And that hasn't changed. The binaries are not being replaced.

> _So basically they don 't want git, or any other program, to work in a way
> they didn't intend - i.e. They don't want malware authors installing a riot
> kit by replacing binaries._

No, they don't want malware authors to modify the operating system. Doing a
non-privileged action (i.e. setting the env variable) in order to change the
behavior seen when invoking /usr/bin/git really has no relation to SIP at all,
that's jut working as intended. Besides, nothing of the behavior you describe
has anything to do with root kits either. Someone who can point DEVELOPER_DIR
at a malicious directory hasn't gained any privileges by doing so, and has not
compromised the operating system in any way.

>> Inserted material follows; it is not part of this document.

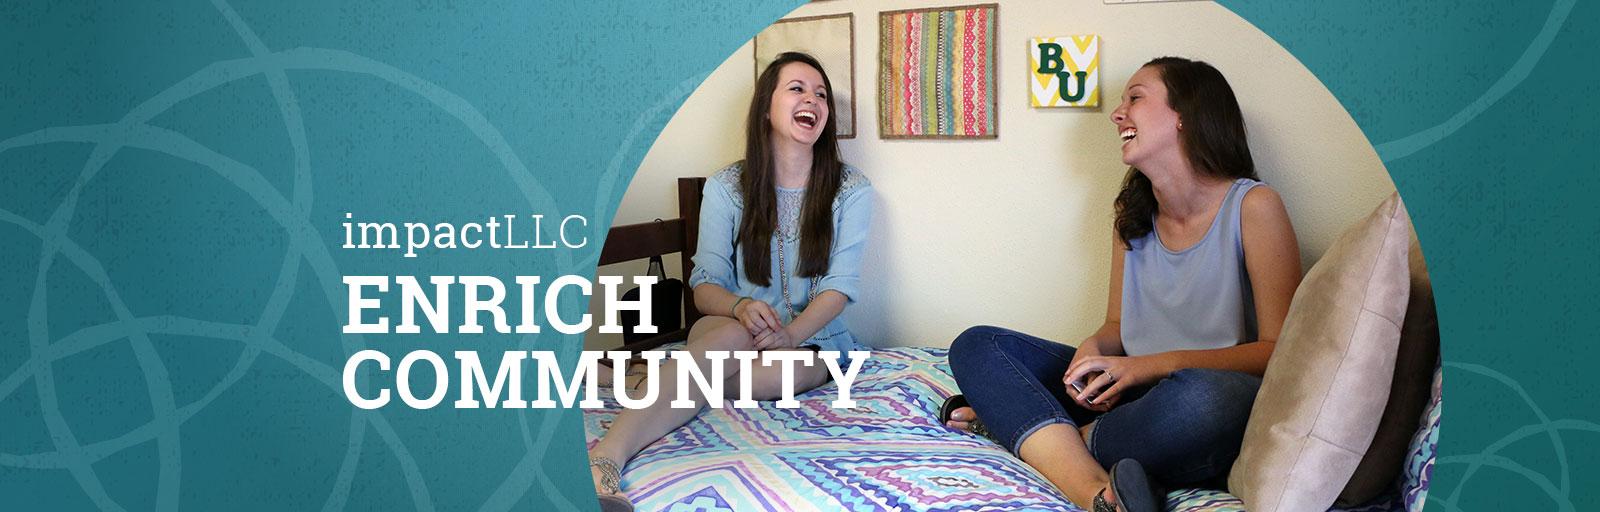 mc_llc-impact-enrich-community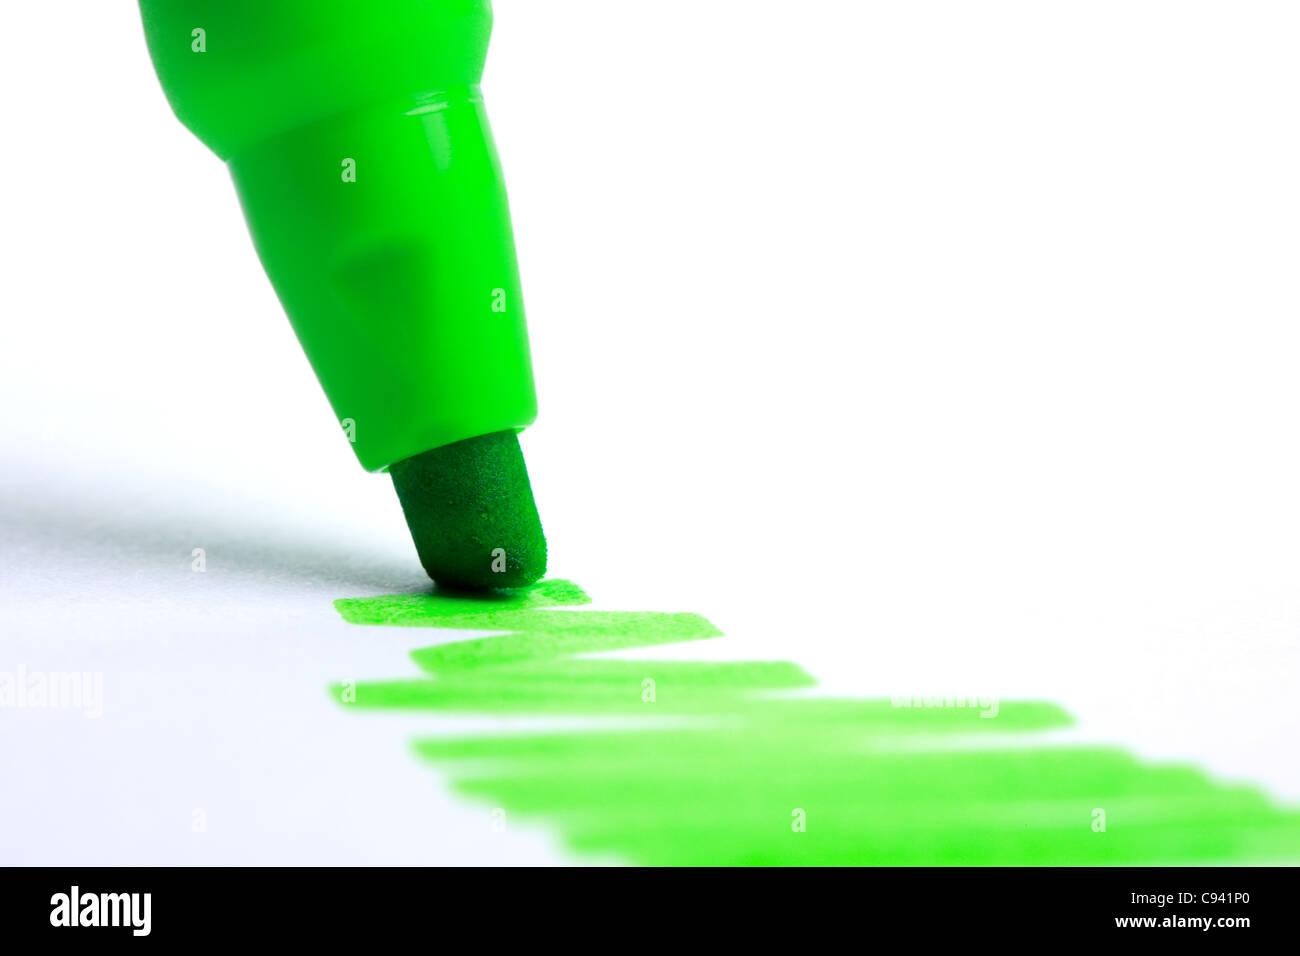 Surligneur vert Photo Stock

> _In essence, this is what this is doing. The main difference here is that
> instead of them needing to be root, they just create a directory, create a
> small script update an environment variable and optionally tweak .bashrc as
> the user and they have effectively added a wrapper to the XCode utility.
> With no need to elevate privileges._

And without _gaining_ any privileges. I've already said this multiple times
before. The end result of all of this is they have no more privileges than
they already needed to set this up in the first place. They've gained
literally nothing from doing this.

> _I do wonder why they chose to write a program in a compiled language
> instead of using a shell script._

Probably so they can codesign the binary, since you can't codesign shell
scripts.

------
chris_wot
Sorry about some of the formatting, especially on mobile devices. Blogger is a
bit... special... When it comes to line breaks and spacing :-(